In some cases agencies are giving prospective hires false information to suggest that their contract might be canceled, leaving them without a job, she said. “There’s an intimidation kind of thing that kicks in that I find a little distasteful. Some of our employees have been annoyed by it, quite frankly.”
The industry expert said the current recession has altered young technology professionals’ traditional view of the government as inefficient and not a good place to work. Federal agencies can offer better pay, excellent benefits including health insurance and, above all, job security, he said.
“At the same time it’s a revolving door,” he added, “because they can hire those people, but if the people don’t see the changes that were promised they [can] go back to government contracting. And they will be accepted back.”
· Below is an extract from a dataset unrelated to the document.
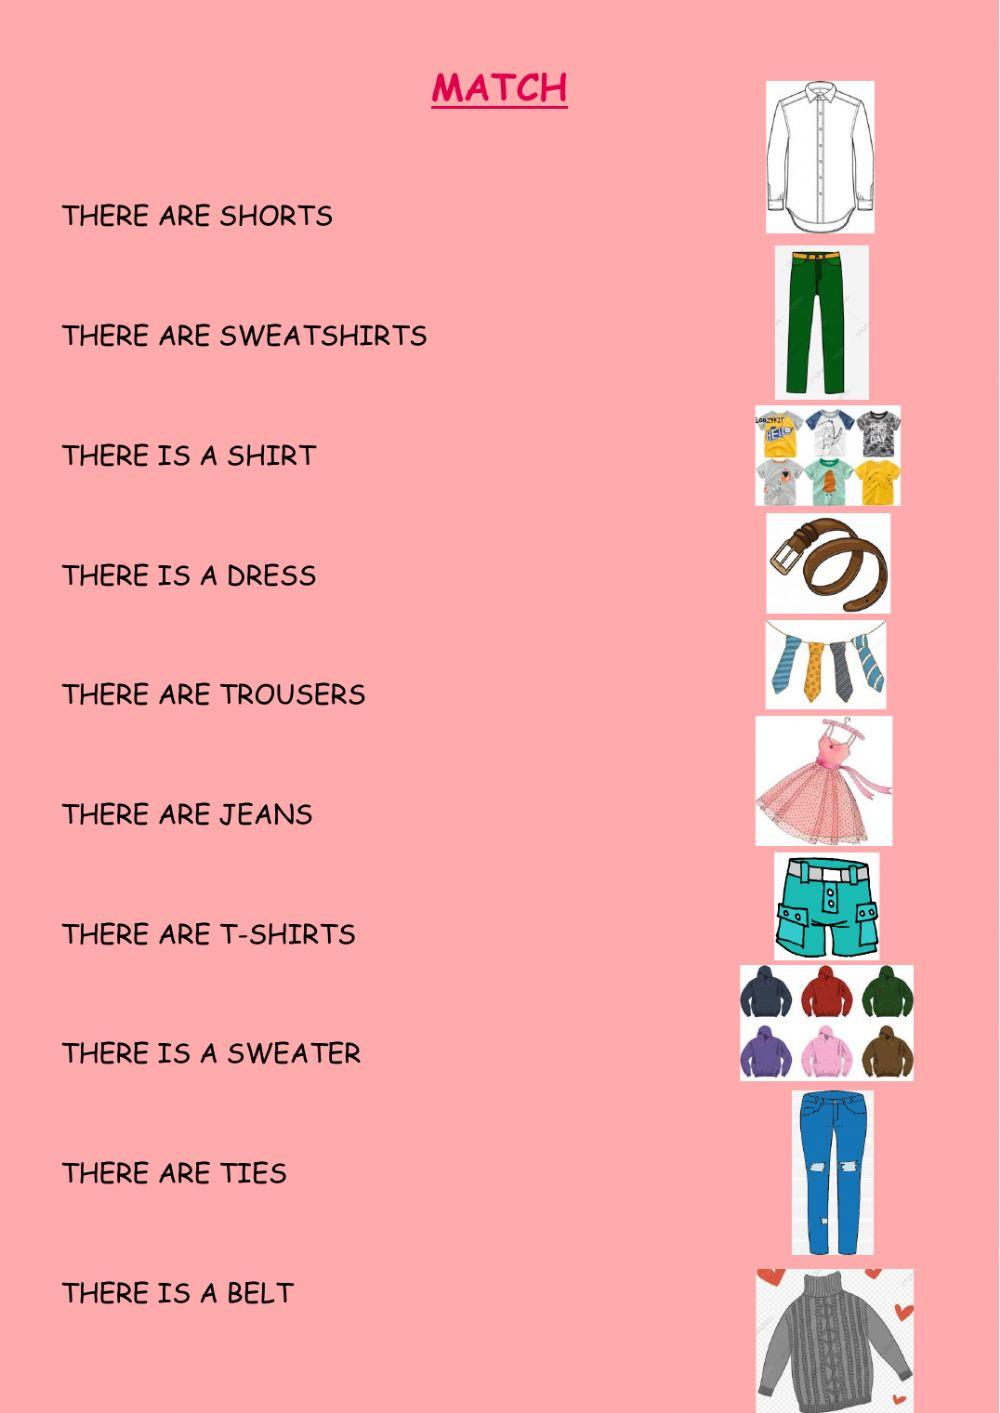 There is-there are-clothes

Soloway said the situation has not reached epidemic proportions, but the contracting industry is concerned. “The numbers are not huge yet, but the early signs are very discouraging,” he said, because “It’s happening faster and more aggressively than we’ve ever seen.”
PSC and other interested organizations, including Congress, are considering ways to rein in the hiring excesses, Soloway said. “We’ve proposed there ought to be a mutual nonsolicitation agreement between industry and the government.”
Reed said other solutions might include a government agreement to pay a finder’s fee for each worker recruited from a contractor, as is commonly done in some other industries.
She said it is in government's and industry’s interest to resolve the problem as transparently as possible. “Where I see the greatest problems are when everything seems to be done in a sub rosa kind of way.”